# Tuna Trip



## Capt. Delynn (Oct 4, 2007)

Well things are starting to slow down a bit for me. I have made several trips to the rigs for tuna and what not lately. As you can see from other reports the bite offshore for tuna and wahoo has been very good lately. I've had two trips this past week and the tuna gave it up again. We left them biting and was home early both trips. First trip with my buddy Gary and his 35 everglades, we only fished a few hours and headed in with a nice box of yellowfin. Second trip, was with Zac and his 39 invincible. The plan was to get out there by dark and fish till noon the next day. But, by 1 am we were tired and had all we needed, So with headed in early. Great trip with my buddies. Tim has had several offshore trips but a 35 lb yellowfin was his biggest to date. Well, he smashed that personal best over and over again. Live baits, chucks, poppers, it did not seem to matter. Thank you everyone for letting me tag along. I have a couple of pictures with most of the catch. Good luck everyone and be safe out there. God Bless you all. 
Captain Delynn Sigler
Offshore/Deepsea Fishing Guide
(850)758-2165 Cell
(850)669-9100 Hm/Office


----------



## 24ft fishmaster (Apr 26, 2012)

Been waiting on your report we were on the 36 invincible I heard someone call your name on radio nice haul as usual Capt! At the drill ship close to blind faith Sunday night


----------



## Boat-Dude (Sep 24, 2011)

That is insane!! You guys would be millionaires in Japan.


----------



## MaxP (Jan 31, 2008)

Great trip there.


----------



## Realtor (Oct 1, 2007)

Whoa!!!! what rigs, or drill ships were you fishing?


----------



## Bryan_DESTIN_TRITON (Jan 11, 2009)

What a haul!


----------



## The Hired Hand (Jun 27, 2016)

Good God What a haul Congratulations.


----------



## badonskybuccaneers (Aug 19, 2013)

Nice haul captain!


----------



## Capt. Delynn (Oct 4, 2007)

Thanks everyone for the very nice comments. I love what I do and thank God for all the support I get from my friends on PFF.

Fishmaster, I saw you out there. I started to call you on the radio but we were busy and I know you were too.
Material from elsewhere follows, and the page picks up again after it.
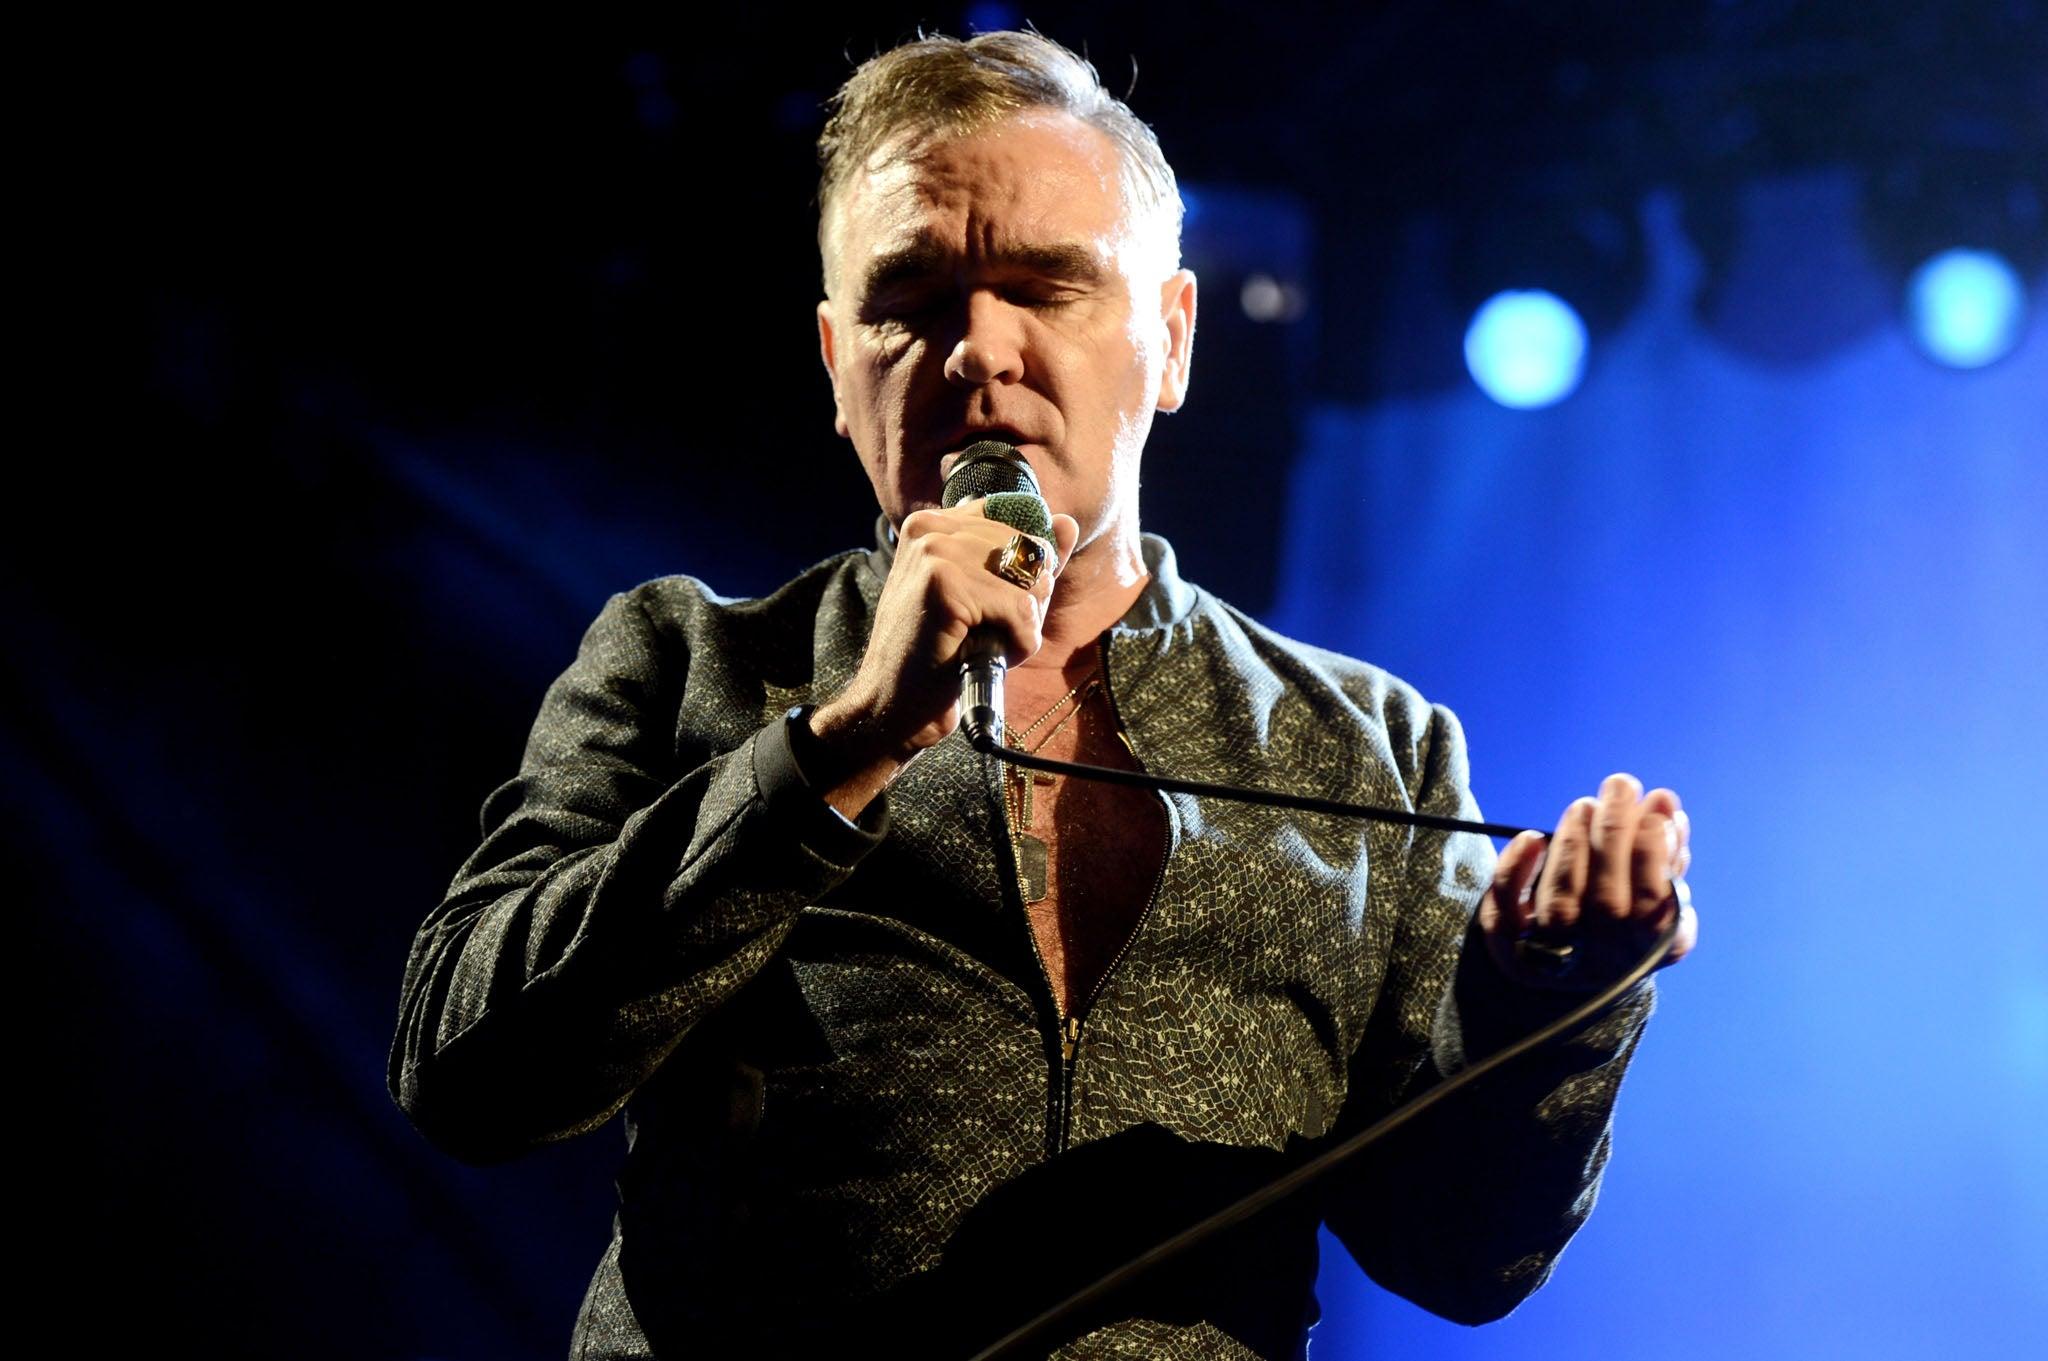 Morrissey es reconocido por ser un cantante de gran euforia durante sus conciertos

We fished lots of different rigs over the pass week. Horn mountain and the drip ship by it seems to be hit or miss. Some days they bite there and some days not. Proteus has tuna on it right now as well. Nikika, Delta house, Capricorn, Elf, Blind Faith and most of the rigs in that area are holding tuna right now. West neptune had fish before it moved but I have not been to its new location. Nikika is the only rig I fished that we did not catch a yellowfin. They were there, we just could not get a bite. Bait is getting harder to come by offshore. You can still get them, but you may have to work a little harder at it. Looks like the weather is going to keep most of us and hill for a little bit. Good luck everyone. Tight Lines and God Bless.


----------



## Tim Gibbs (Dec 13, 2012)

*Tim Gibbs*

If you haven't had an opportunity to fish with Capt. Delynn i would highly suggest finding a way to book a trip. I met Capt Delynn in Dec of 2012 when we booked our first trip with him and what a way to end the year with a limit of Scamps, Jacks and 1 Blackfin in December. He made several promises before booking the trip and all of which He has fulfilled. The time spent with Capt Delynn and Capt Connie Jo has been a gift from God. With his help i've been very fortunate and blessed to catch lots of Grouper with the first day of Grouper fishing in 2013 landing 3 Gags with the biggest being 48.8lbs. The next year yielded two personal best with his help with a Gag over 50 and a MONSTER 110lb Amberjack. I've been on five Tuna Trips total with the largest YF Tuna being 35-40lbs until this trip. The first one on this trip was 80ish and later that night was able to get a 100lber with a spinning reel which was the most insane strike i had ever felt. Before dark i Witnessed Capt Delynn Hook up with a 100lber on a top water plug with the Tuna skying out of the water with the plug in his mouth. Last weekend was like taking a fishing trip to heaven and i'm very grateful to Capt Delynn and Zac for allowing me to tag along. The one fish that had alluded me was a Wahoo as we have had several encounters with them but i appeared to be snake bit until April 2017. I received a call from Capt Delynn about going grouper fishing and was excited about the opportuny and this trip produced a Wahoo which the hook just came out just out of reach of the gaff and my heart sank. In Capt Delynn determination he put out the lures and first pass He had me hooked up again and i was able to land my first wahoo or weehoo but it didn't matter as i've dreamed of those stripes. He is a first class individual and God shines on him like nothing i've ever seen and his skill level in fishing is the best i've ever experienced. Thank you Capt Delynn for the past 5 years of amazing fishing trips, knowledge and friendship.


----------



## stc1993 (Nov 23, 2014)

I bet they was wore out catching all those fish. It's no wonder they was ready for the hill.


----------